I have lodged my 457 Visa at the 24th of September (Outside Australia), it´s still beeing processed (Of course, I know it can take up to 8 weeks or even longer!). In the near past,the processing time was 4 weeks, therefore I already booked my flights to Australia. The flight will be 3rd of December. 

Now the big question is, if the visa isn´t approved at this specific date, will it be possible to get a tourist visa for traveling? Start date for my new job is at the beginning of January. 

If so, do I have to leave and reenter the country once the 457 visa is approved to officially get it?

Thanks for your support and help!

Daniel


----------



## Maggie-May24 (Jul 24, 2011)

I'm not aware of any reason you can't come to Australia on a tourist visa while waiting for the decision for your 457. However, it's possible Immigration will pay close attention to your tourist application if they feel there's a possibility that you'll start working before your 457 visa and that's something you absolutely can't do or you risk having them revoke any visas and banning you for 3 years.

I know the immigration website says not to book flights, sell your house, etc. before the decision is made, but I think that's to protect people from making expensive and life-changing decisions before knowing whether they are approved for their visa.


----------



## CCMS (Oct 10, 2013)

You could be granted a tourist visa if you meet the "genuine visitor" requirements, (for example holidays), while you wait for the visa grant. The 457 can be granted while you are in Australia.

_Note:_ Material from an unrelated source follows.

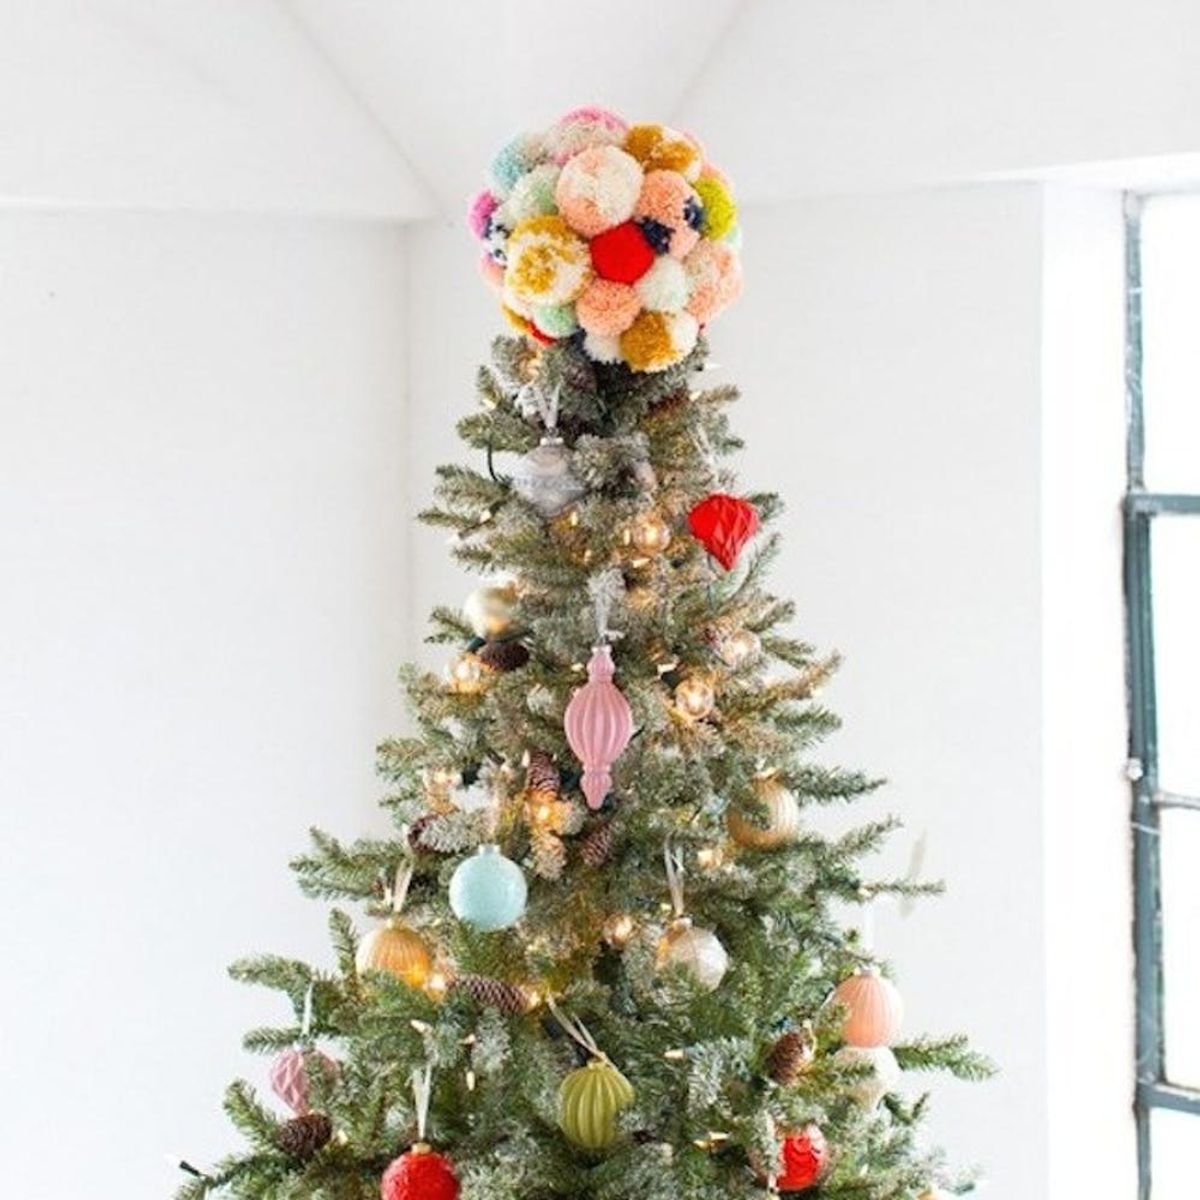 The 25 Best Christmas Tree Topper Ideas You Can Buy or DIY

Keep in mind that a visa ceases to be in effect when another one comes into effect, so you want to make sure that you don't unintentionally apply for a tourist visa after the 457 has been granted .


----------



## kalle (Nov 26, 2013)

Daniel,

I'm in the exact same situation as you are.
Could you please keep us updated, in particular if you're traveling to Australia on a tourist visa? Would be really helpful for others!

Thanks!


----------